** Opening SOURCE INFORMATION block **
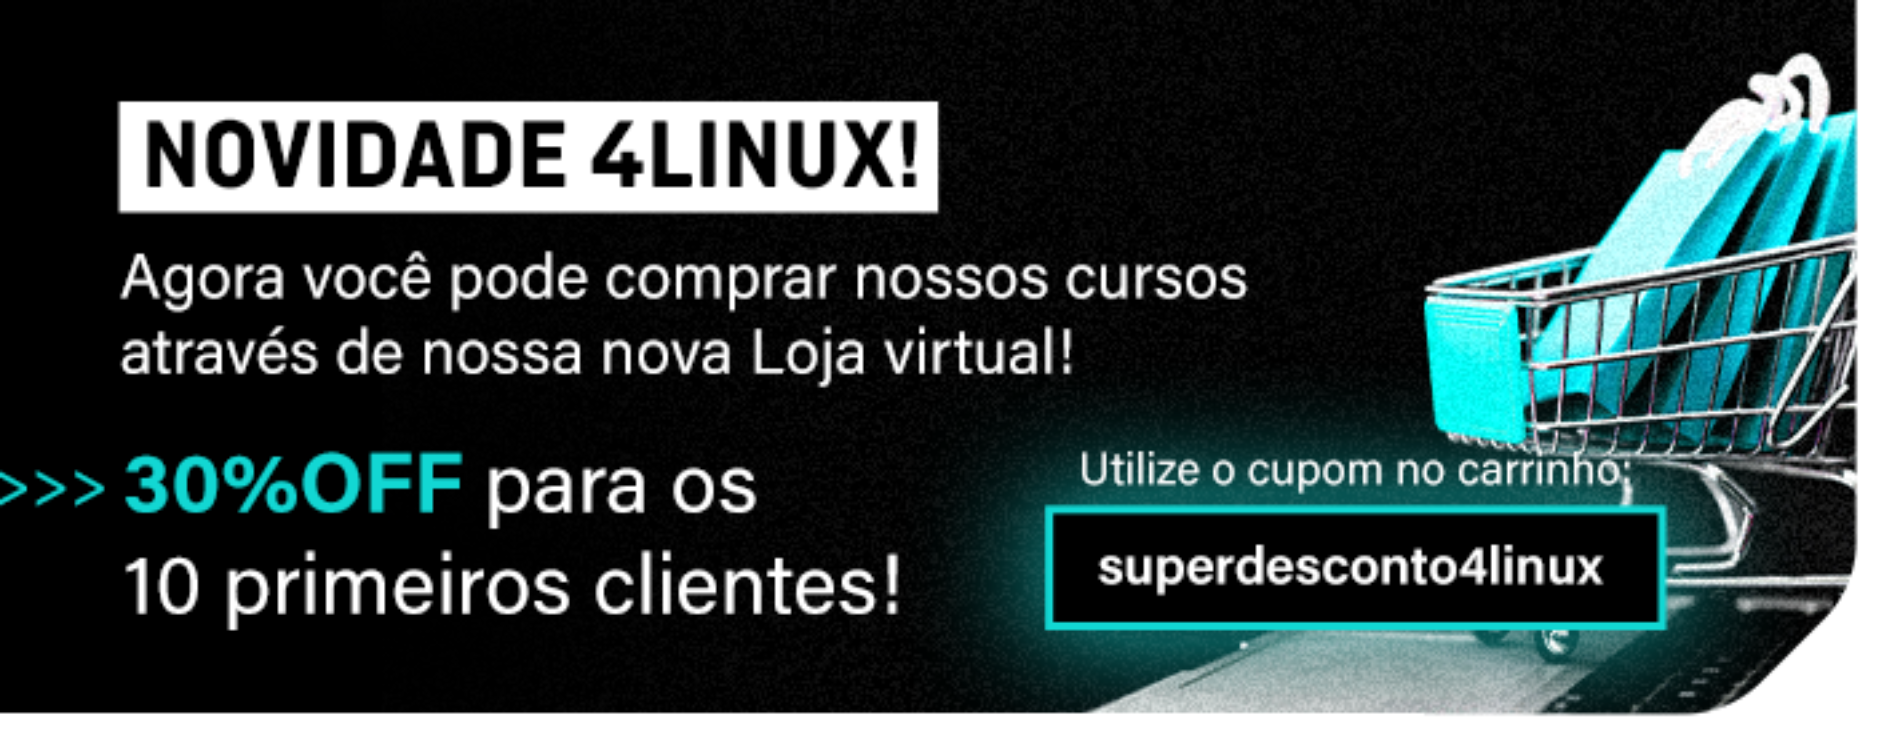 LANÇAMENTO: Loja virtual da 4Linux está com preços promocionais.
** Closing SOURCE INFORMATION block **
** Opening SOURCE INFORMATION block **
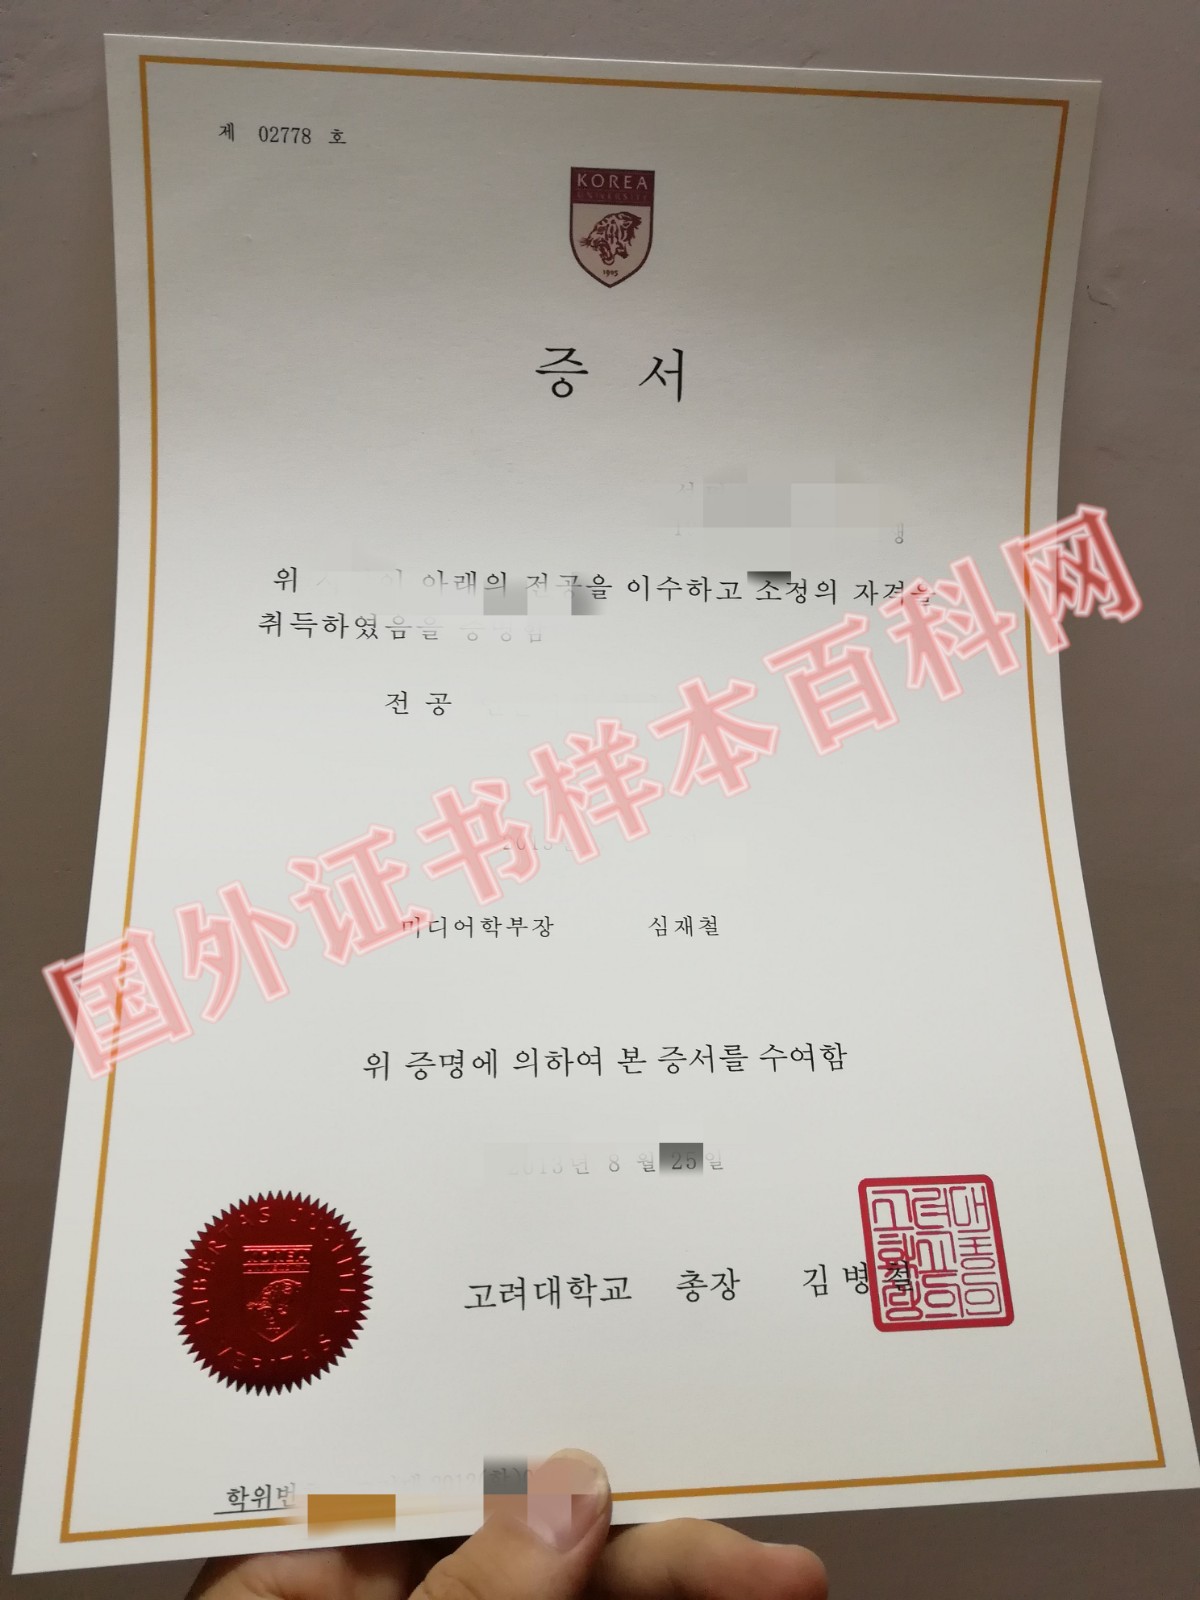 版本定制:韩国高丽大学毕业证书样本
** Closing SOURCE INFORMATION block **
** Opening SOURCE INFORMATION block **
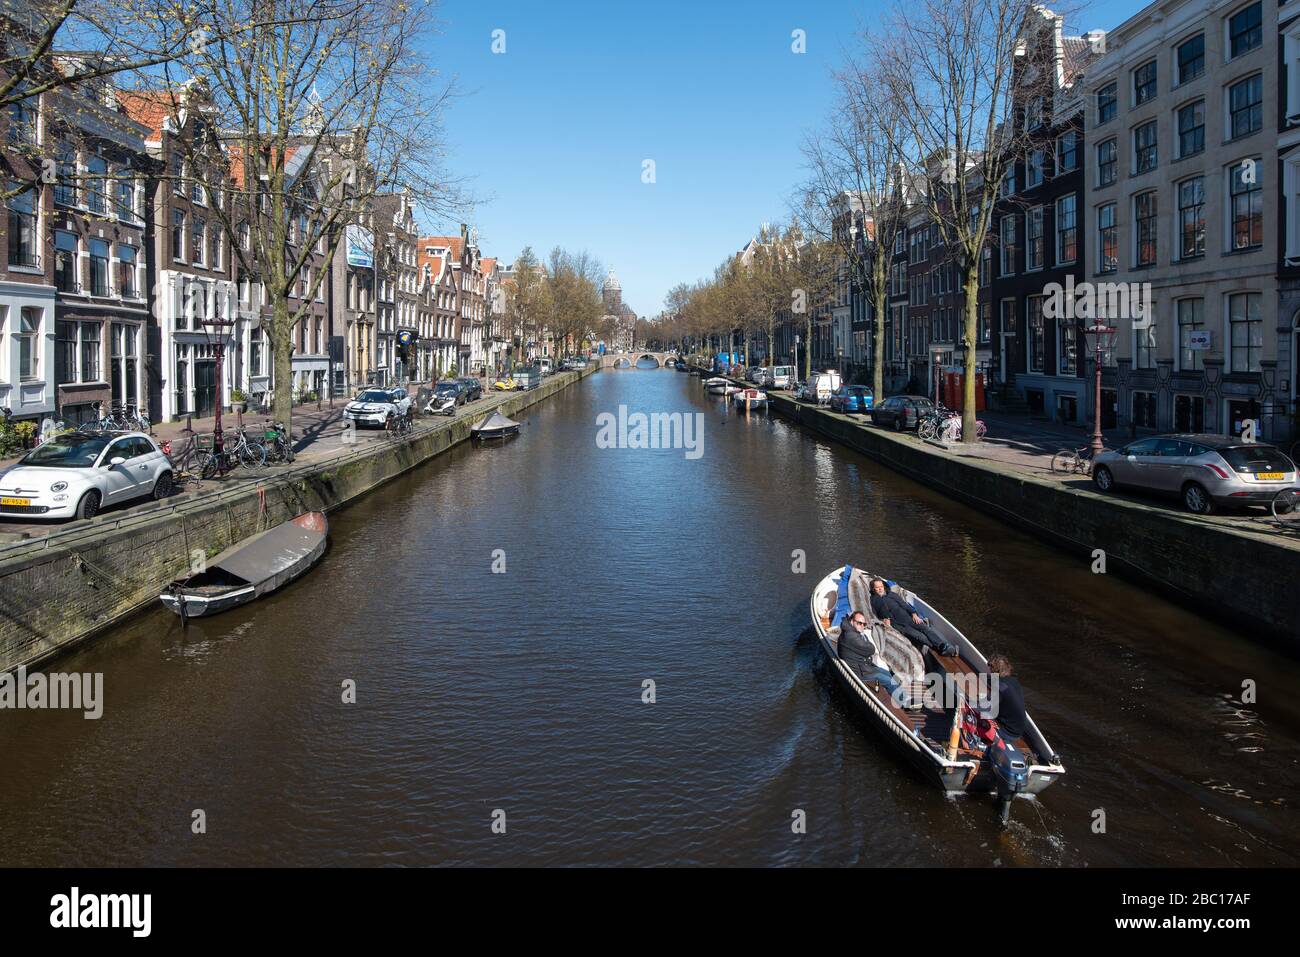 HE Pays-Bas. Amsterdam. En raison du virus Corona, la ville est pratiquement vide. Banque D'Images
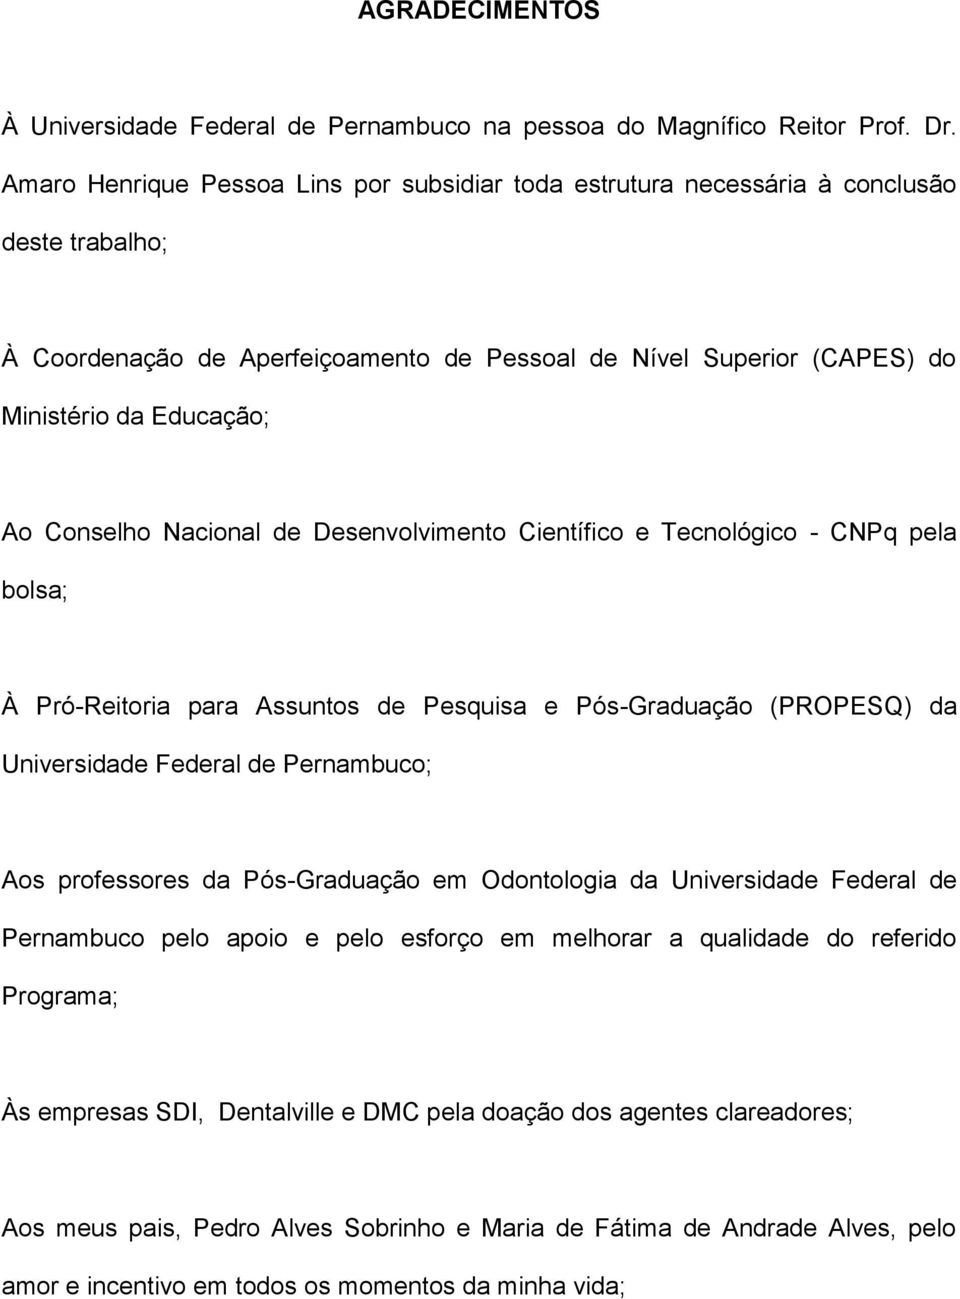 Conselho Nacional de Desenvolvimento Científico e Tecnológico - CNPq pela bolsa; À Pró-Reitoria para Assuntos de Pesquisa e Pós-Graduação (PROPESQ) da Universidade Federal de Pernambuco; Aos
** Closing SOURCE INFORMATION block **
_EXERCISE INSTRUCTIONS_
The answer is those lines of the material above that run from the one containing "HE Pays-Bas. Amsterdam." up to and including the one containing "Conselho Nacional de", restated exactly and without images.

_OUTPUT OF THE TASK_
 HE Pays-Bas. Amsterdam. En raison du virus Corona, la ville est pratiquement vide. Banque D'Images
 Conselho Nacional de Desenvolvimento Científico e Tecnológico - CNPq pela bolsa; À Pró-Reitoria para Assuntos de Pesquisa e Pós-Graduação (PROPESQ) da Universidade Federal de Pernambuco; Aos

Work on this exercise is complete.